Analyst · KBW. Please go ahead

There is a lot of disruption in the Michigan market today and it does create both of the opportunities, which you mentioned, opportunities to bring in new customers as well as opportunities to speak with talented staff that may be interested in a change. I’d say that we believe there is benefits for an Independent Bank on both those fronts and I think that will enable us to hit some of these projections and/or exceed these projections possibly.

Operator

Operator

Our next question comes from Scott Beury of Boenning & Scattergood. Please go ahead.

Scott Beury

Analyst · Boenning & Scattergood. Please go ahead

Just had a quick question, looking specifically at the loan growth, it looks like you had really strong production in the installment book, as you had mentioned. And I’m just wondering in terms the back half of the year, to what degree do you think that’s impacted by seasonality, imagine a lot of the assets being financed with those relationships are kind of more in demand in the warmer months, if you will. And just wondering how you are thinking about that?

Brad Kessel

Analyst · Boenning & Scattergood. Please go ahead

I’ll let Rob jump in here too, when I look at our loan portfolio, I would say the most consistent, year around, we’d probably going to, we’re going to see on the commercial side. And I’m hopeful that we see more of the same there.

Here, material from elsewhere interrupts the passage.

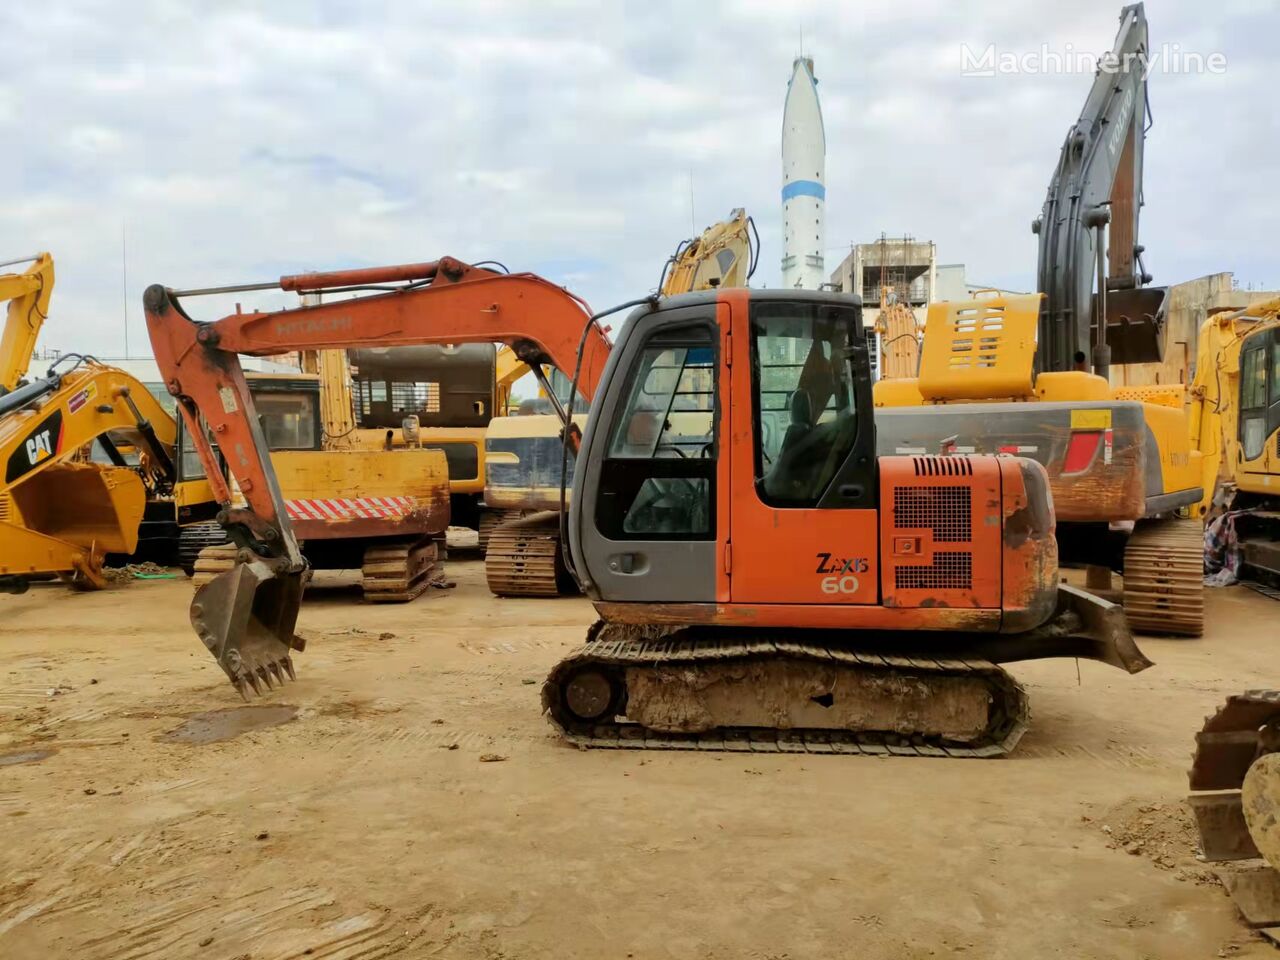 Hitachi ZX60 tracked excavator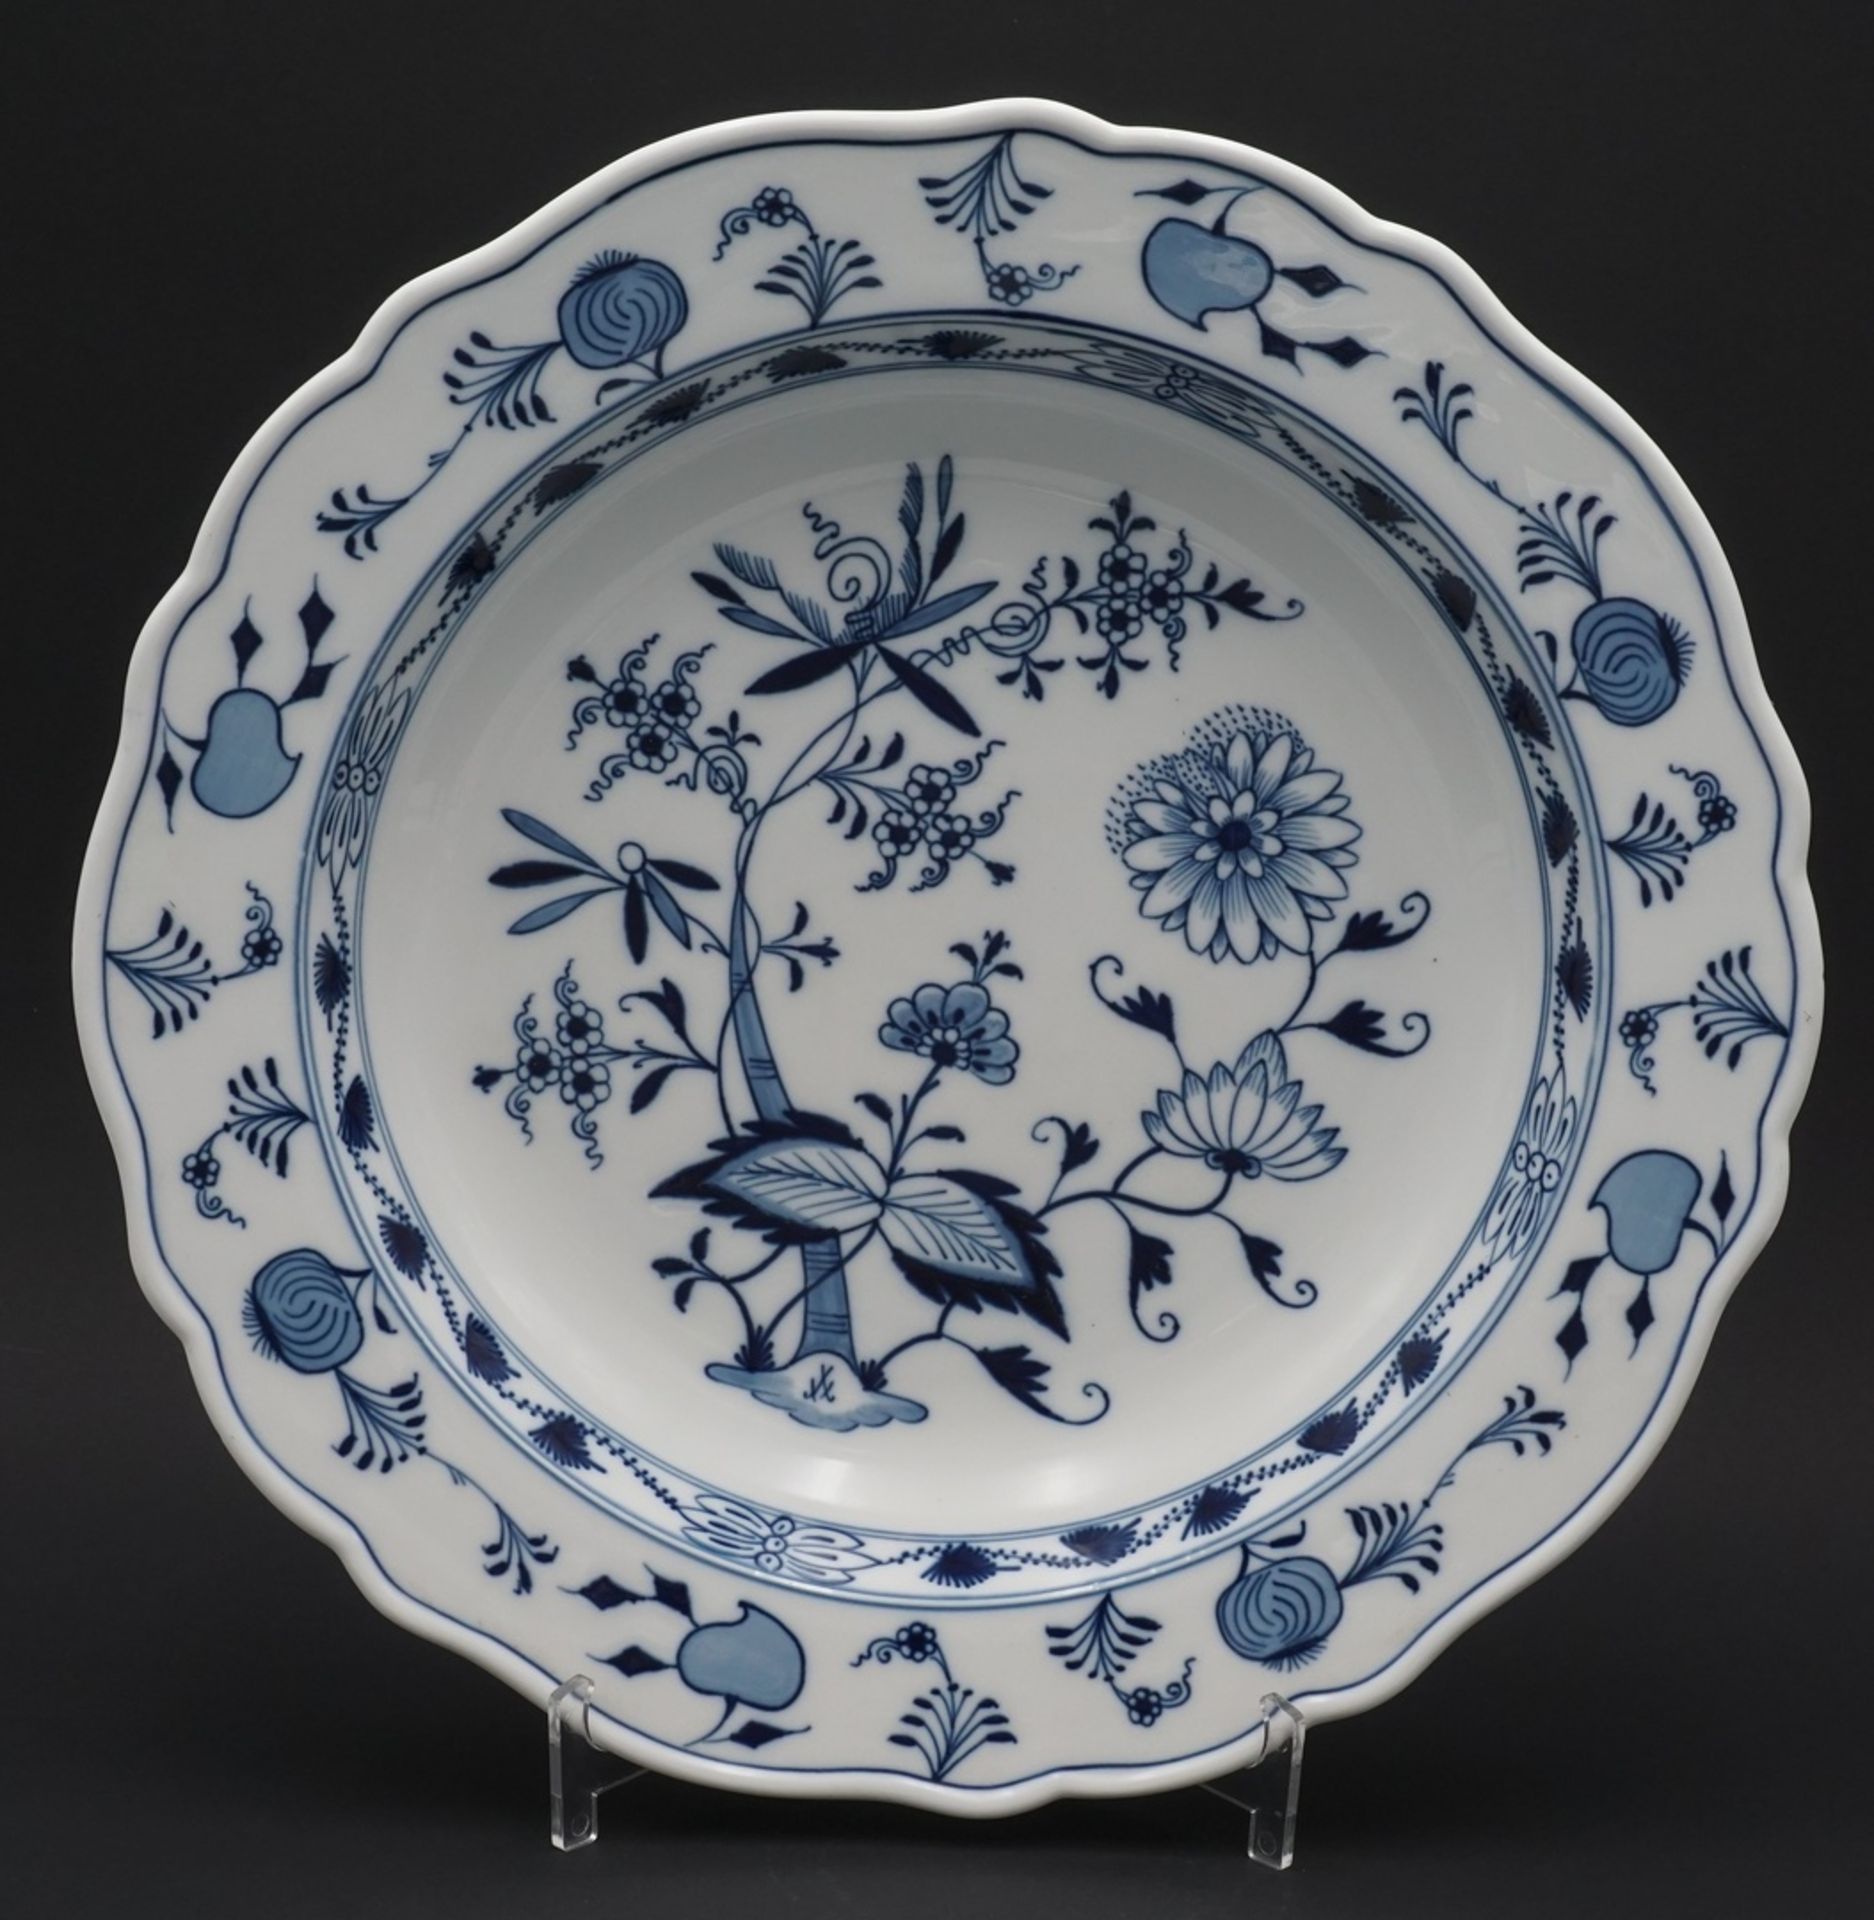 Große Meissen Schale mit Zwiebelmuster, 1815 - 19231. Wahl, Zwiebelmuster, kobaltblau, weißer

On the mortgage side, we had a nice second quarter, I would see that that will continue into the third quarter and probably slowdown in Q4 and then back into Q1. I do look for us to hopefully actually get some more portfolio loans in the mortgage side and we’re working on initiatives to accomplish that. On the installment portfolio, particularly the indirect desk, second quarter, third quarter, those are the higher peaks for that demand. And then Q4 and Q1, we should see that settle back down.

Scott Beury

Analyst · Boenning & Scattergood. Please go ahead

Okay, thank you. That’s very helpful. All my other questions have been answered. So, I am going to hop off now. Thanks.

Operator

Operator

This concludes our question-and-answer session. I would like to turn the conference back over to Brad Kessel for any closing remarks.

Brad Kessel

Analyst · KBW. Please go ahead

Very good. I thank each of you for your interest in Independent Bank Corporation and for joining us on today’s call. We wish everyone a great day.

Operator

Operator

The conference has now concluded. Thank you for attending today’s presentation. You may now disconnect.